Evidence-Based Guidelines for the Dissemination of Orthopaedic Information on Social Media Platforms

This project explores the dissemination of orthopedic patient education materials (PEMs) on social media, specifically examining how text complexity affects engagement metrics like views, likes, and time spent on posts. The study utilized two accounts: one with original content from the American Academy of Orthopaedic Surgeons (AAOS) and the other featuring simplified, AI-processed versions. A total of 31 PEMs focused on topics related to the spine, hand, upper extremity, hip, and knee were analyzed.

 The findings revealed that while the simplified content reached a similar audience size, the more complex posts received significantly more likes and retained viewers for longer periods. Additionally, spine-related content consistently generated the highest levels of engagement, indicating that audiences prefer detailed information in this area of orthopedic care. These insights emphasize the need to strike a balance between making content accessible and maintaining depth in order to improve patient education on social media platforms.

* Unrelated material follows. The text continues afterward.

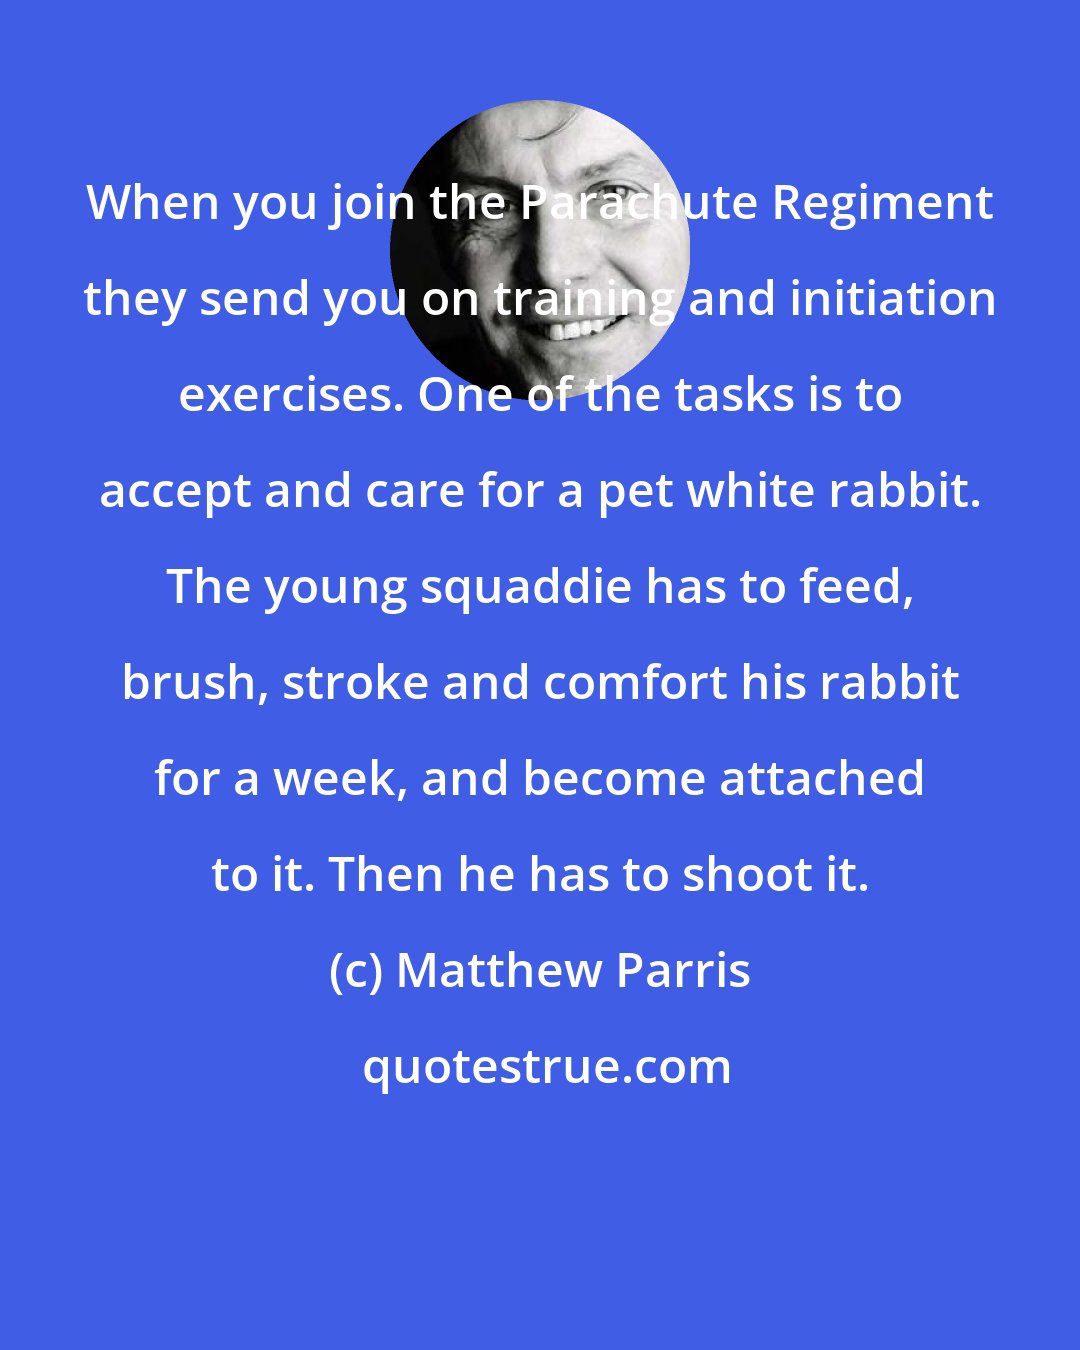 Matthew Parris: When you join the Parachute Regiment they send you on training and initiation exercises. One of the tasks is to accept and care for a pet white rabbit. The young squaddie has to feed, brush, stroke and comfort his rabbit for a week, and become attached to it. Then he has to shoot it.

Artificial Intelligence Can Translate and Simplify Spanish Orthopedic Medical Text: Instrument Validation Study

This study examines the use of artificial intelligence (AI) to bridge language gaps for Spanish-speaking orthopedic patients by assessing the accuracy of large language models (LLMs) in translating and simplifying medical texts. Through BLEU analysis, the research found that AI tools, including ChatGPT, achieved translation accuracy comparable to that of Google Translate. Additionally, these tools showed potential for simplifying complex medical information into accessible Spanish. These findings emphasize the importance of AI in enhancing communication with Spanish-speaking patients; however, native language review remains crucial for ensuring accuracy in clinical settings.

AI in Medical Education

This ongoing study collects data from four consecutive cohorts of medical students to evaluate trends in their understanding of and interest in artificial intelligence (AI). By identifying changes in knowledge and enthusiasm, the project aims to refine and enhance medical education strategies related to AI, ensuring that future physicians are well-prepared for technology-driven advancements in healthcare.